Segment Start: The data

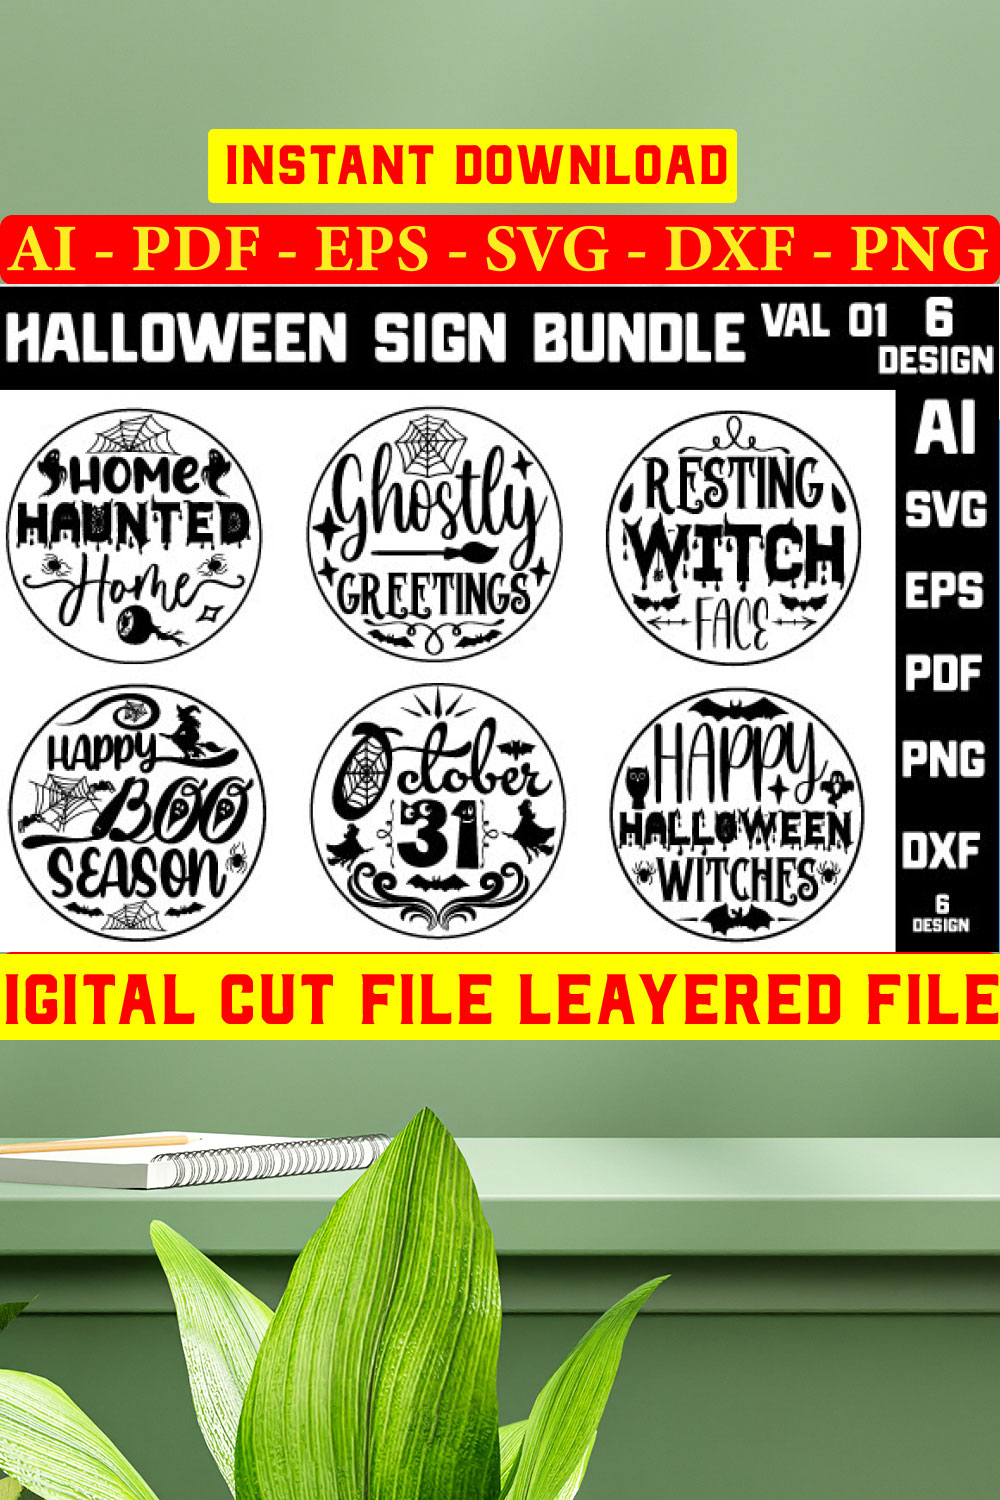 Halloween Sign Bundle Vol-1 Welcome to Halloween svg pinterest preview image.
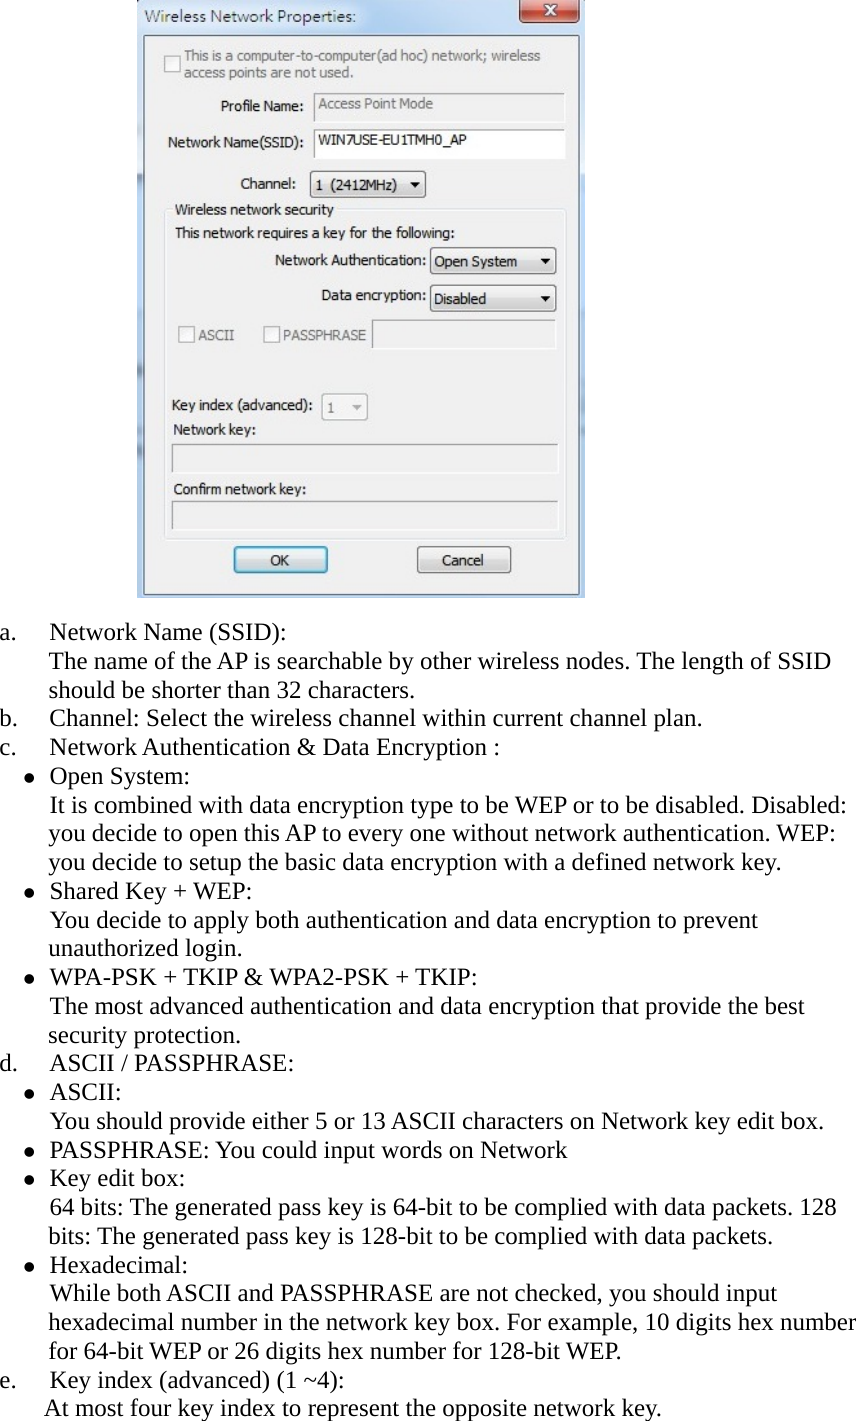              a. Network Name (SSID):   The name of the AP is searchable by other wireless nodes. The length of SSID should be shorter than 32 characters.   b. Channel: Select the wireless channel within current channel plan.   c. Network Authentication &amp; Data Encryption :    Open System:   It is combined with data encryption type to be WEP or to be disabled. Disabled: you decide to open this AP to every one without network authentication. WEP: you decide to setup the basic data encryption with a defined network key.    Shared Key + WEP:   You decide to apply both authentication and data encryption to prevent unauthorized login.    WPA-PSK + TKIP &amp; WPA2-PSK + TKIP:   The most advanced authentication and data encryption that provide the best security protection.   d. ASCII / PASSPHRASE:    ASCII:  You should provide either 5 or 13 ASCII characters on Network key edit box.    PASSPHRASE: You could input words on Network    Key edit box:   64 bits: The generated pass key is 64-bit to be complied with data packets. 128 bits: The generated pass key is 128-bit to be complied with data packets.    Hexadecimal:  While both ASCII and PASSPHRASE are not checked, you should input hexadecimal number in the network key box. For example, 10 digits hex number for 64-bit WEP or 26 digits hex number for 128-bit WEP.   e. Key index (advanced) (1 ~4):   At most four key index to represent the opposite network key. 
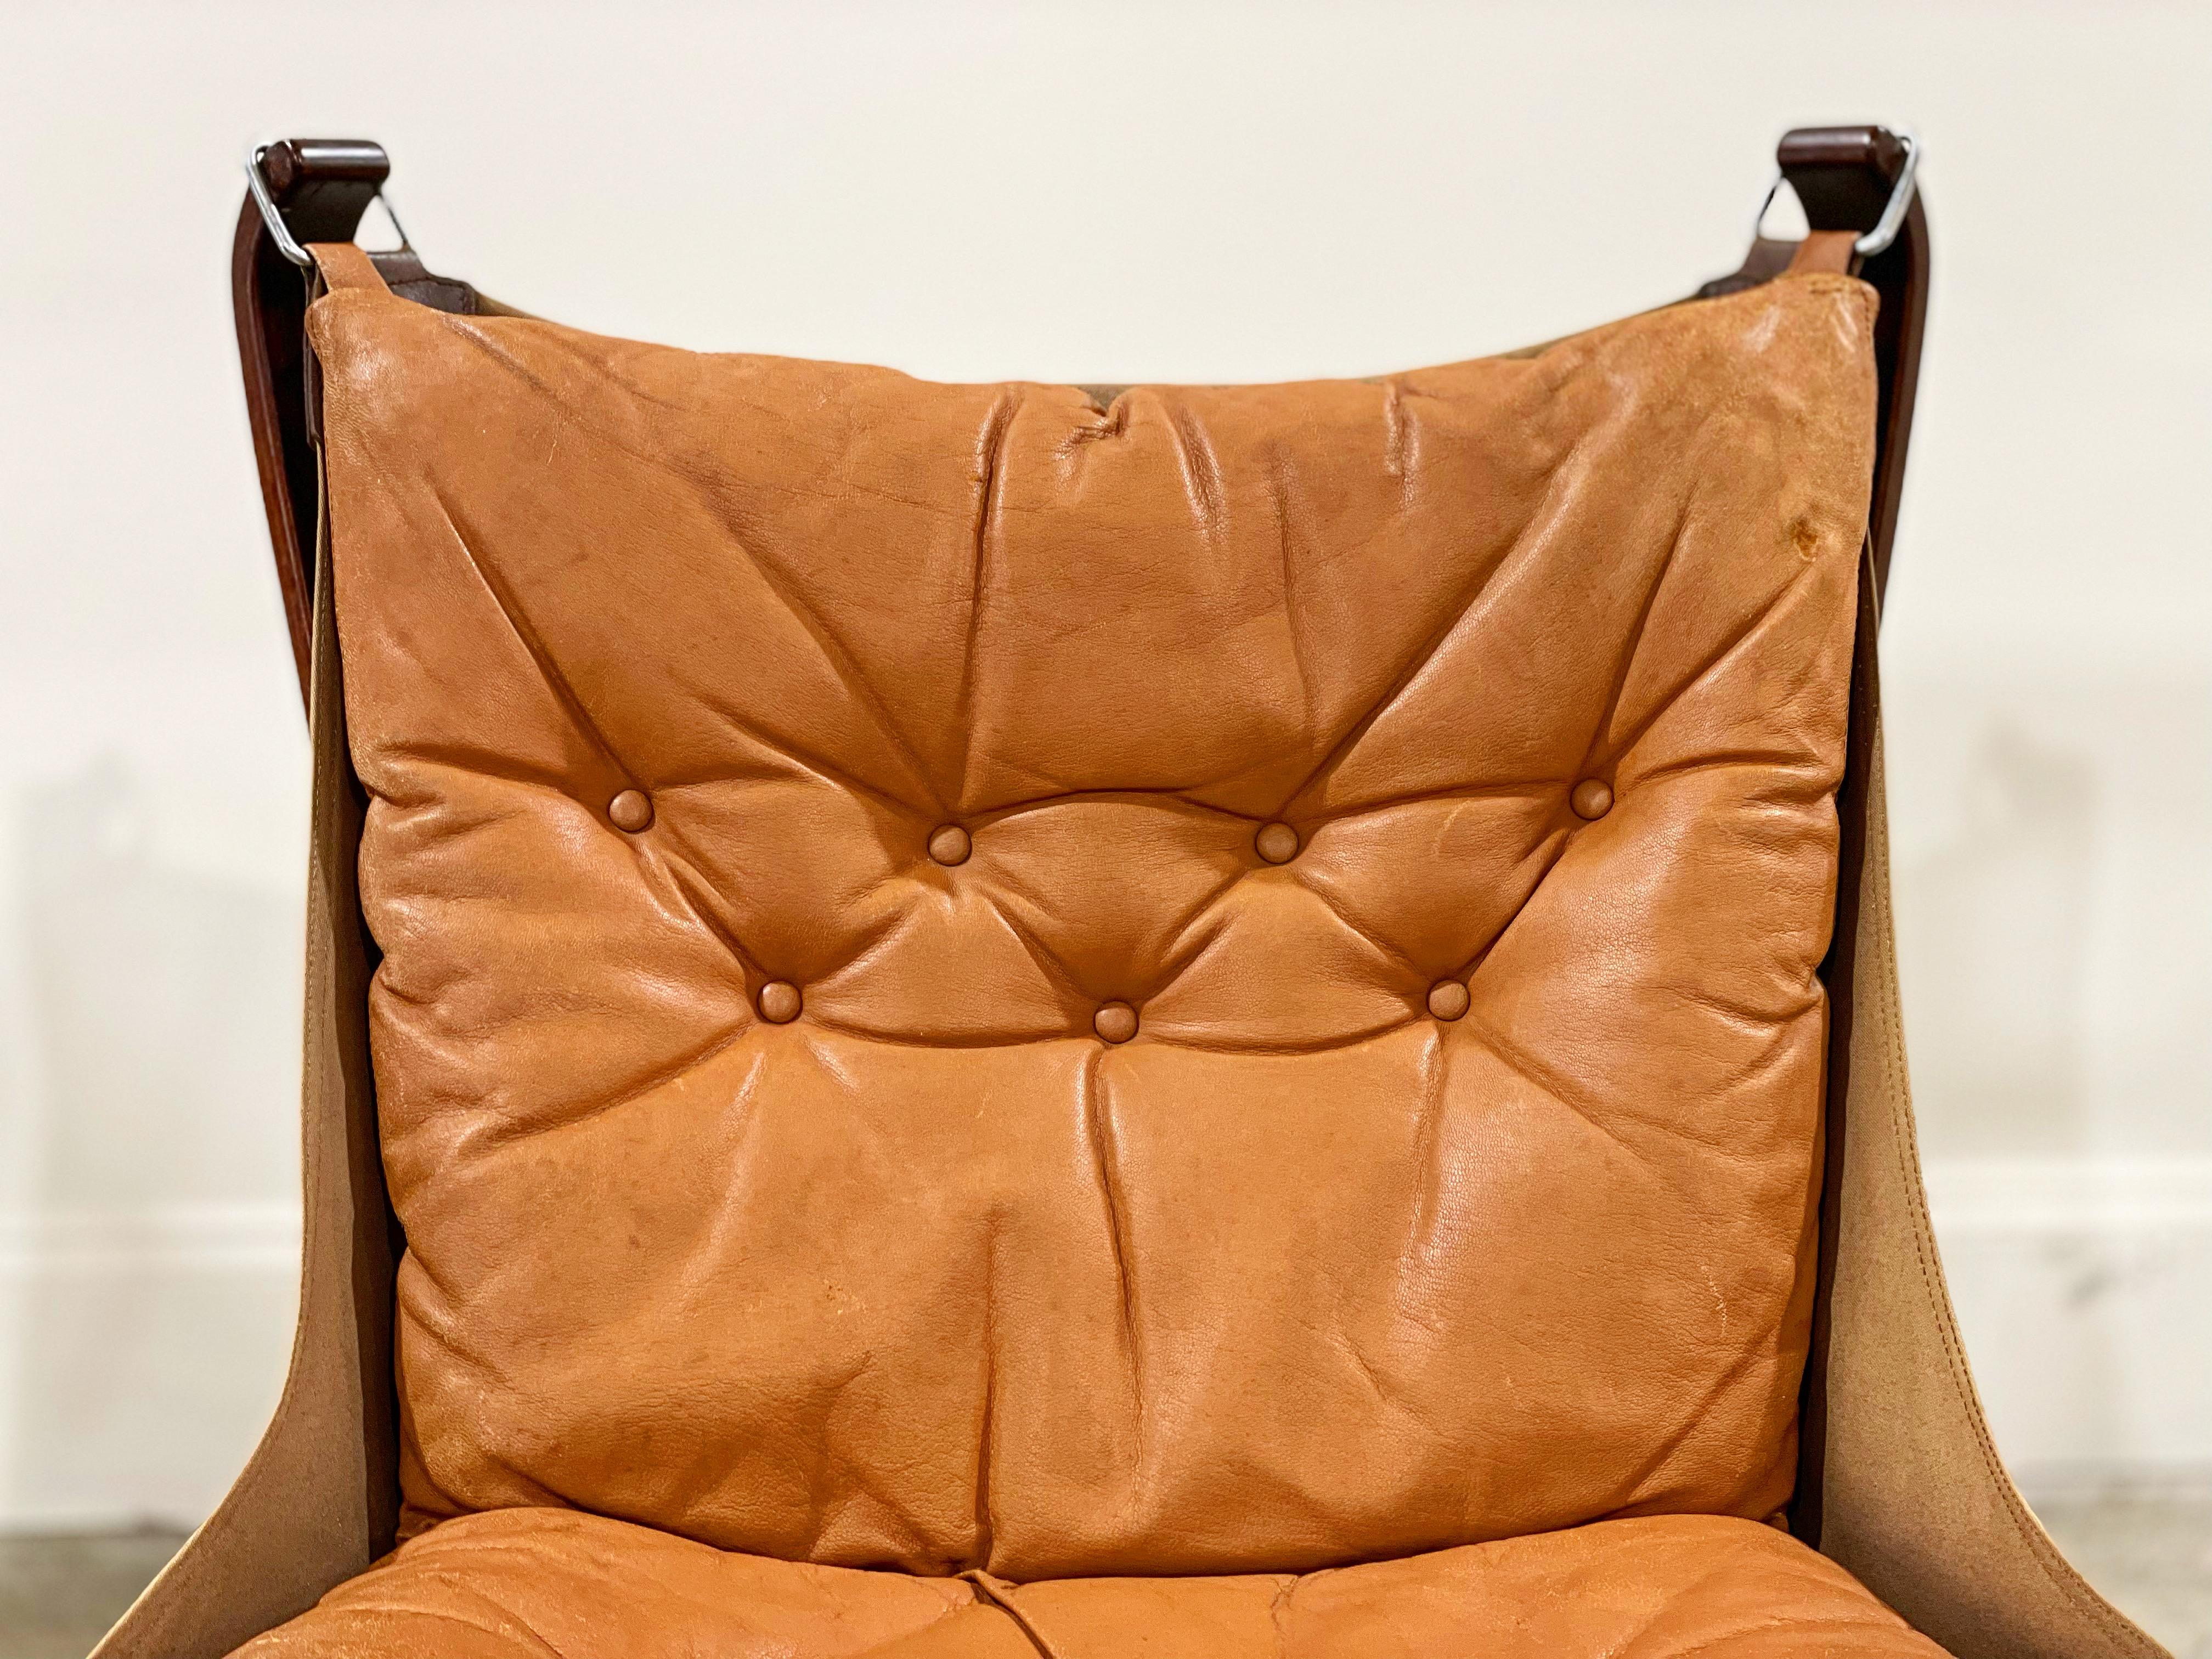 Mid-20th Century Falcon Chair by Sigurd Ressell for Vatne Mobler, Cognac Leather, Sweden, 1965

Segment End: The data

■ Aim of the task ■
Copy the whole listing above word for word but do not carry over the pictures.

■ Solution to the exercise ■
 Halloween Sign Bundle Vol-1 Welcome to Halloween svg pinterest preview image.
              a. Network Name (SSID):   The name of the AP is searchable by other wireless nodes. The length of SSID should be shorter than 32 characters.   b. Channel: Select the wireless channel within current channel plan.   c. Network Authentication &amp; Data Encryption :    Open System:   It is combined with data encryption type to be WEP or to be disabled. Disabled: you decide to open this AP to every one without network authentication. WEP: you decide to setup the basic data encryption with a defined network key.    Shared Key + WEP:   You decide to apply both authentication and data encryption to prevent unauthorized login.    WPA-PSK + TKIP &amp; WPA2-PSK + TKIP:   The most advanced authentication and data encryption that provide the best security protection.   d. ASCII / PASSPHRASE:    ASCII:  You should provide either 5 or 13 ASCII characters on Network key edit box.    PASSPHRASE: You could input words on Network    Key edit box:   64 bits: The generated pass key is 64-bit to be complied with data packets. 128 bits: The generated pass key is 128-bit to be complied with data packets.    Hexadecimal:  While both ASCII and PASSPHRASE are not checked, you should input hexadecimal number in the network key box. For example, 10 digits hex number for 64-bit WEP or 26 digits hex number for 128-bit WEP.   e. Key index (advanced) (1 ~4):   At most four key index to represent the opposite network key. 
 Mid-20th Century Falcon Chair by Sigurd Ressell for Vatne Mobler, Cognac Leather, Sweden, 1965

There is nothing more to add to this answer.